Pendant que la SDE ferme le robinet de l’Hôtel de Ville pour factures impayées et que les agents de l’état civil en pleurent de désespoir face à l’absence de toilettes fonctionnelles, le maire Babacar Diop débloque des millions de francs CFA pour financer le « Nguisteul » des ASC. Une gestion décriée qui met les Thiessois en colère.
Par la Rédaction
La situation ubuesque vécue ces derniers jours au cœur de la cité du rail illustre à nouveau le gouffre séparant les priorités des administrés de celles de leurs édiles. À la mairie de Thiès, l’eau ne coule plus. La Société des Eaux (SDE) a purement et simplement procédé à la coupure de l’alimentation en raison d’un défaut persistant de paiement des factures par l’institution municipale.
Une sanction radicale qui plonge le personnel et les usagers dans un dénuement total. Au service de l’état civil, point névralgique de la commune, le calvaire est quotidien. Les employés, réduits à verser des larmes de découragement, doivent faire face à une réalité insoutenable : l’absence totale de toilettes fonctionnelles, conséquence directe de cette coupure d’eau. Pour les citoyens qui affluent chaque jour pour leurs démarches administratives, c’est la douche froide — ou plutôt, l’absence totale de confort basique au sein de la maison du peuple.
Des millions pour le « Nguisteul », zéro soucis pour les factures vitales
Ce qui scandalise davantage les Thiessois, c’est le contraste saisissant entre cette faillite financière de la municipalité et les largesses du premier magistrat de la ville. Au moment même où la mairie se retrouve sous le coup d’une sanction pour impayés d’eau, le maire Babacar Diop n’a pas hésité à sortir de caisses municipales des millions de francs CFA.

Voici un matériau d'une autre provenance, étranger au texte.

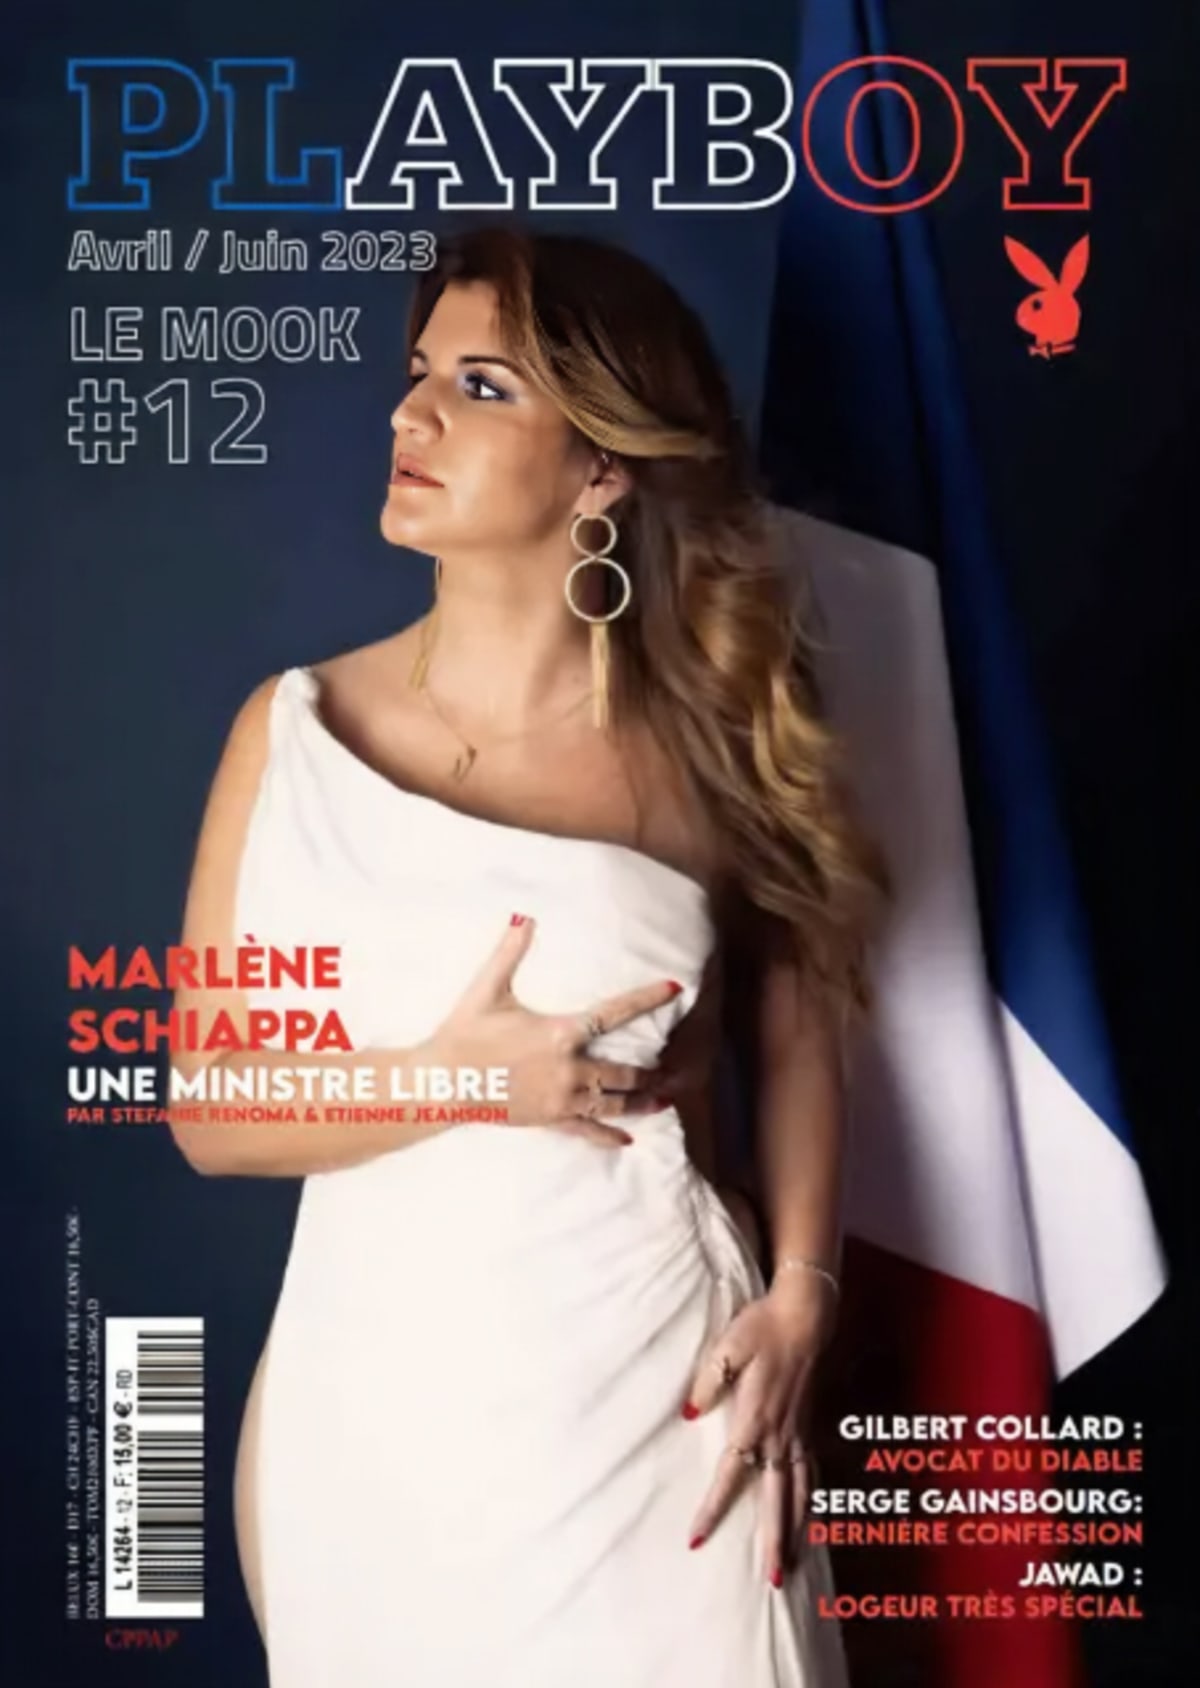 Kritici především z řad opozičních politiků žijí v představě, že v době, kdy země zažívá politickou krizi kvůli důchodům, jsou snímky pro Playboy nevhodné. Nicméně demonstrujícím Francouzům nejspíš vadí úplně jiné věci...

Ces fonds substantiels ont été alloués aux traditionnels « Nguisteul » (soutiens financiers) destinés aux Associations Sportives et Culturelles (ASC) dans le cadre des activités de navétanes. Si le mouvement navétane reste un pan important de la jeunesse locale, l’opinion publique s’interroge avec amertume sur les priorités de l’ordonnateur des dépenses. Comment peut-on engloutir des millions dans le divertissement et le clientélisme politique tout en laissant l’administration municipale croupir dans une salubrité inacceptable, privée d’une ressource aussi élémentaire que l’eau ?
« C’est une honte pour notre ville, » s’indigne un acteur de développement local. « On ne peut pas comprendre qu’une mairie soit incapable de régler ses factures d’eau au point de subir une coupure humiliante, alors que le maire joue au grand donateur avec l’argent du contribuable pour des besoins de Nguisteul. »
La colère des Thiessois gronde
Cette gestion jugée calamiteuse cristallise aujourd’hui le ras-le-bol généralisé des populations face à ce qu’elles qualifient d’incompétence et de légèreté institutionnelle. Pour beaucoup de Thiessois, le constat est amer et lourd de désillusion envers celui qu’ils appellent désormais ironiquement le « soit-disant Maire ».
Entre des services municipaux au bord de l’asphyxie, un personnel humilié par des conditions de travail indignes du XXIe siècle, et des largesses financières dictées par l’opportunisme politique, la ville de Thiès mérite incontestablement mieux. Les habitants attendent des explications claires et exigent un redressement immédiat de la barre avant que l’image de la capitale du rail ne soit définitivement ternie par ces errements administratifs.